I see smart people saying specious things about Trump’s speech. Some such speech about Trump’s speech is dangerously misleading. Some falsely state or imply that Trump’s speech is extra-protected by the First Amendment merely because Trump is a political candidate. Some say or imply such things, specifically, about Trump speech that certainly may (and Trump certainly may intend) to intimidate actual or potential witnesses, lawyers, jurors or judges (who may fear for their own or their families’ physical safety) in Trump’s trials. Trump has no more right than any mafia don does to use explicit or implicit threats or intimidation to undermine the process of law that is due to (and is required for) all criminal defendants.
First, Trump’s efforts to take public office and become a public servant do not afford his speech more protections under our Constitution than we all enjoy. As shown in a previous piece (quoting the U.S. Supreme Court (SCOTUS)), the “speech” of any person on “matters of public concern” is “at the heart of the First Amendment’s protection.” More specifically and emphatically, any person’s “speech” about our public servants or about how they perform their public service is the very “essence of self-government,” so such “speech” by any person necessarily “occupies the highest rung of the hierarchy of First Amendment values, and is entitled to special protection.” Trump’s speech is not more special than ours in this regard.
Second, our systems of law and government do not make any actual or potential public servant any more specially protected (in any relevant respect) than the public. Pretty much everybody intuitively knows at least this most fundamental aspect of our systems of law and government.
The very cornerstone of the foundation of both systems consists of two “Truths” that are “self-evident,” i.e., that “all” citizens are “equal” under the law, and all citizens have equal “Rights” to “Life, Liberty, and the Pursuit of Happiness.” In that regard, actual or potential public servants cannot (logically or lawfully) be more special than the public they serve.

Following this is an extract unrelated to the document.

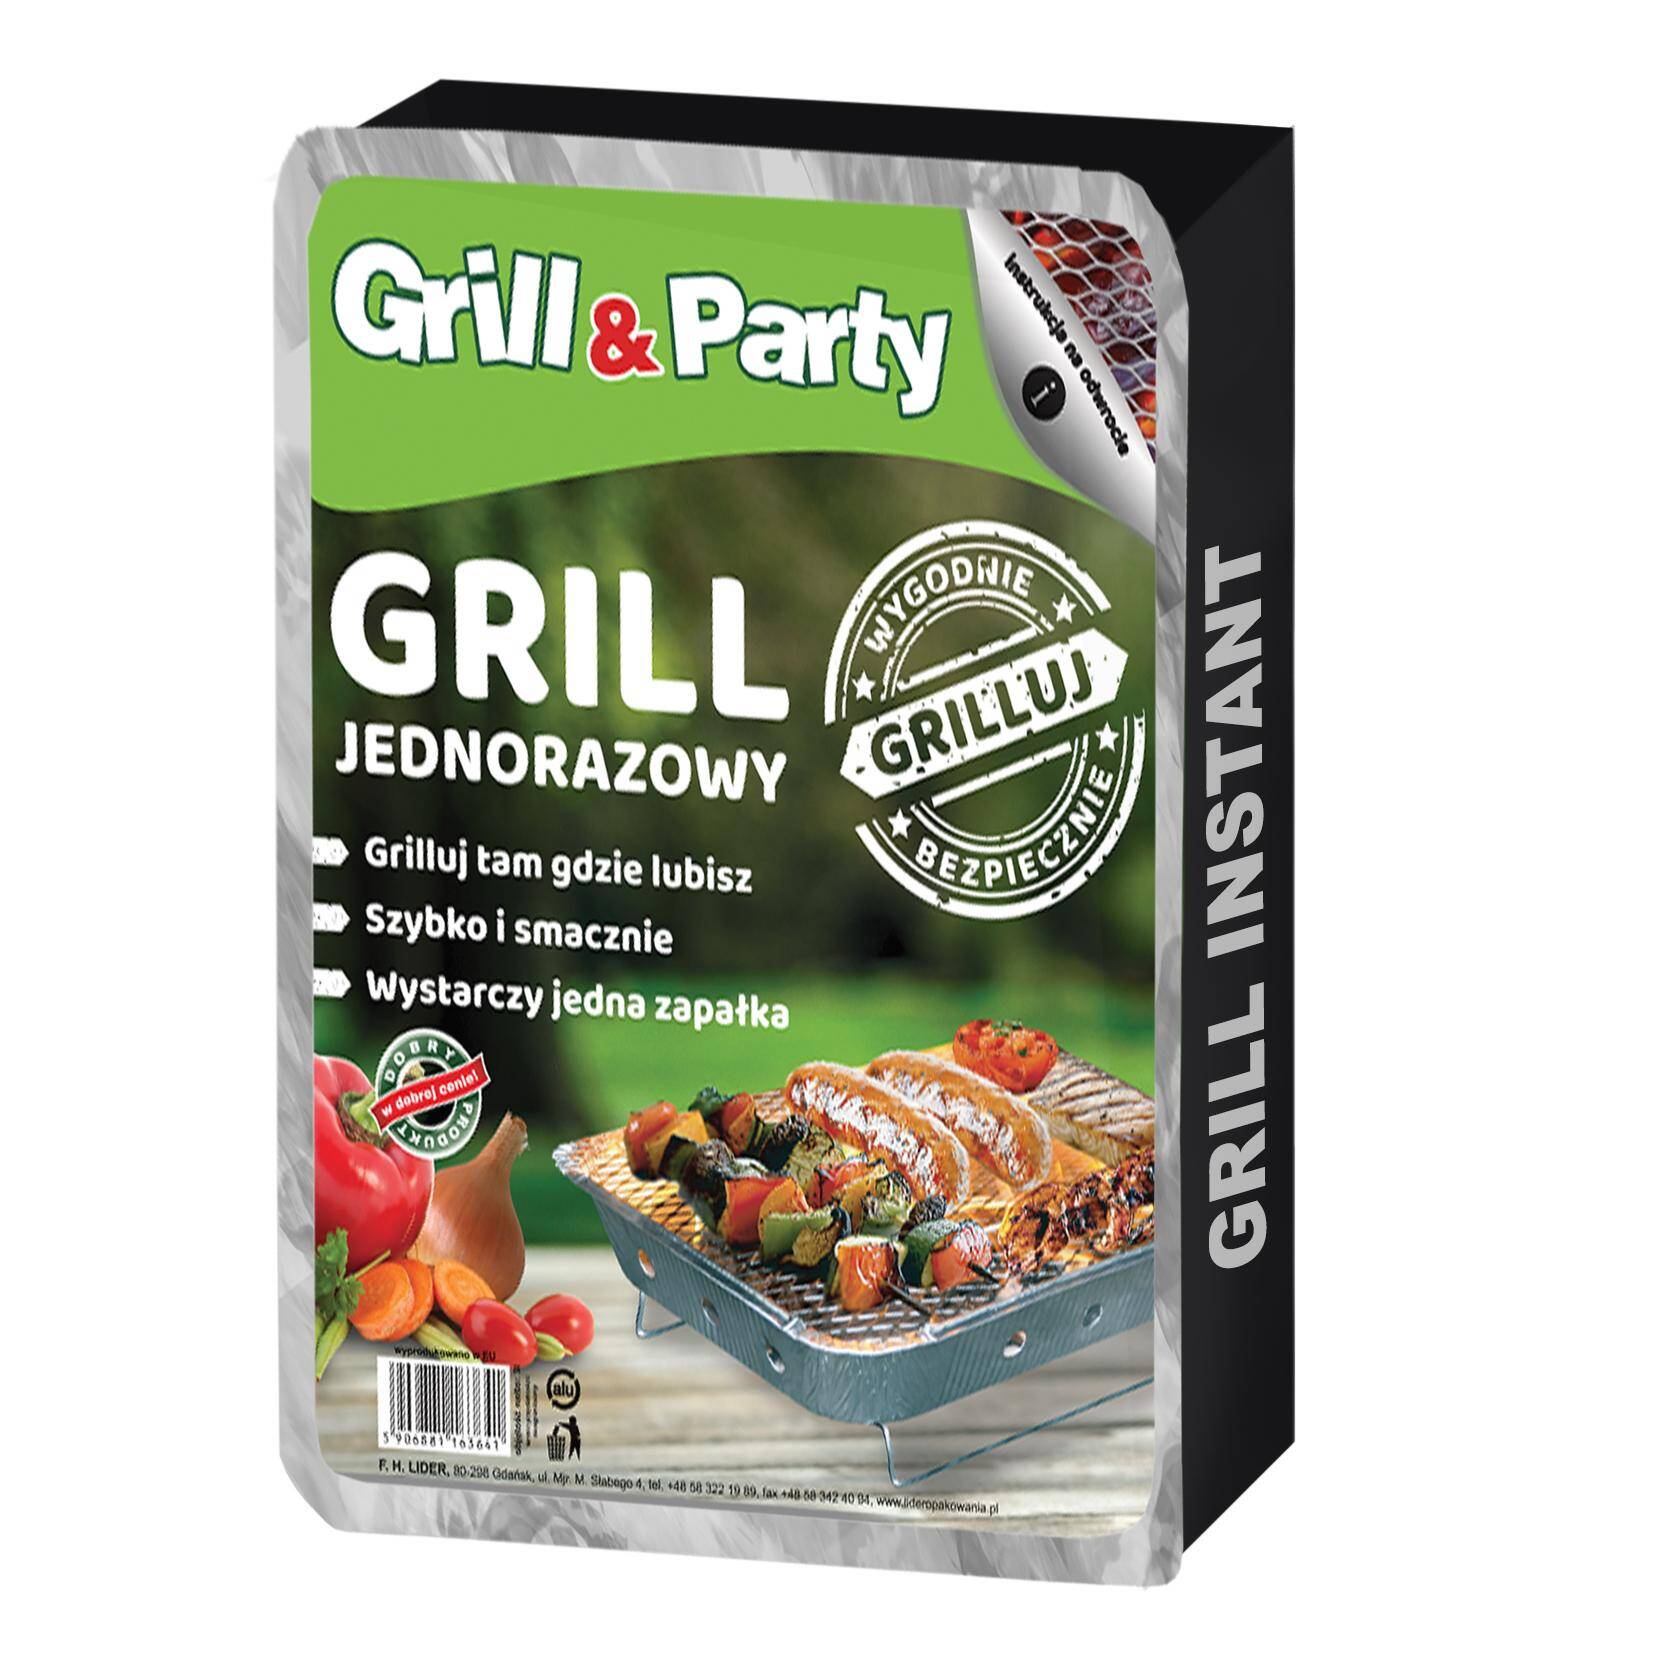 GRILL & PARTY grill jednorazowy 1 szt

The foregoing point was made again at least as emphatically by our original Constitution and then again even more emphatically with repeated amendments.
“We the People of the United States” wrote and ratified our own “Constitution” (and constituted federal government) precisely to “secure the Blessings of Liberty to ourselves.” We the People designed the Constitution to protects ourselves from all state and federal officials. So our Constitution requires all legislators and all officers (including every judge of—and every attorney admitted to practice in—every state or federal court) to acknowledge that they are subordinate to our Constitution by swearing that they will “support” our “Constitution” as “the supreme Law of the Land.” The president must swear a special oath that is far more emphatic. He must “to the [very] best of” his “Ability, preserve, protect and defend” our “Constitution.”

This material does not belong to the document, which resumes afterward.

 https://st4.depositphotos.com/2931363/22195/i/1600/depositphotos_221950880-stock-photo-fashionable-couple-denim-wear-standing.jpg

Some wise people foresaw that some (purported) public servants just would not be able to resist the temptation to abuse their powers and abuse the people they purport to serve, so We the People promptly amended our Constitution to re-emphasize the equality before the law of all persons and all public servants: “No person” whatsoever may “be deprived” by any public servant whatsoever “of life” or any “liberty” or any “property, without due process of law.”
Some people (with some alarming similarities to Trump) pretended (like Trump) that the foregoing aspects of our systems of law and government did not apply to them. So We the People again amended our Constitution to again re-emphasize that no public servant whatsoever, even of “any State,” has any power to “deprive any person of life, liberty, or property, without due process of law” or to “deny to any person” the “equal protection of the laws.”
All citizens are equal, all other persons are equal, and all public servants are equal under the supreme law of the land (our Constitution) and under all laws, all of which must comply with our Constitution. Trump’s speech must be protected, and may be punished, under the same standards that govern the speech of the rest of us.
For 55 years, with the famous decision in Brandenburg v. Ohio, 395 U.S. 444 (1969), SCOTUS has emphasized the limits that Trump’s speech has exceeded. The “constitutional guarantees of free speech and free press do not” protect any speech that has been proved to constitute “advocacy of the use of force” or “advocacy” of any other “law violation” when “such advocacy is directed to inciting or producing imminent lawless action” and it “is likely to incite or produce such action.”
Trump’s speech is, and must be, the victim of its success. Since at least January 6, 2021, Trump’s own speech—and the lawlessness and violence of the people who hear or see his speech—repeatedly have created copious evidence that Trump’s speech does incite, and Trump intends his speech to incite, imminent lawless action (including violence). For many years, starting with Trump’s rallies, Trump’s own speech has created evidence that it has the power—and he intends it—to incite imminent lawless action (including violence) by people because they see or hear Trump’s speech. Such speech by any person is not protected by our Constitution. Our Constitution is protected against such speech and people.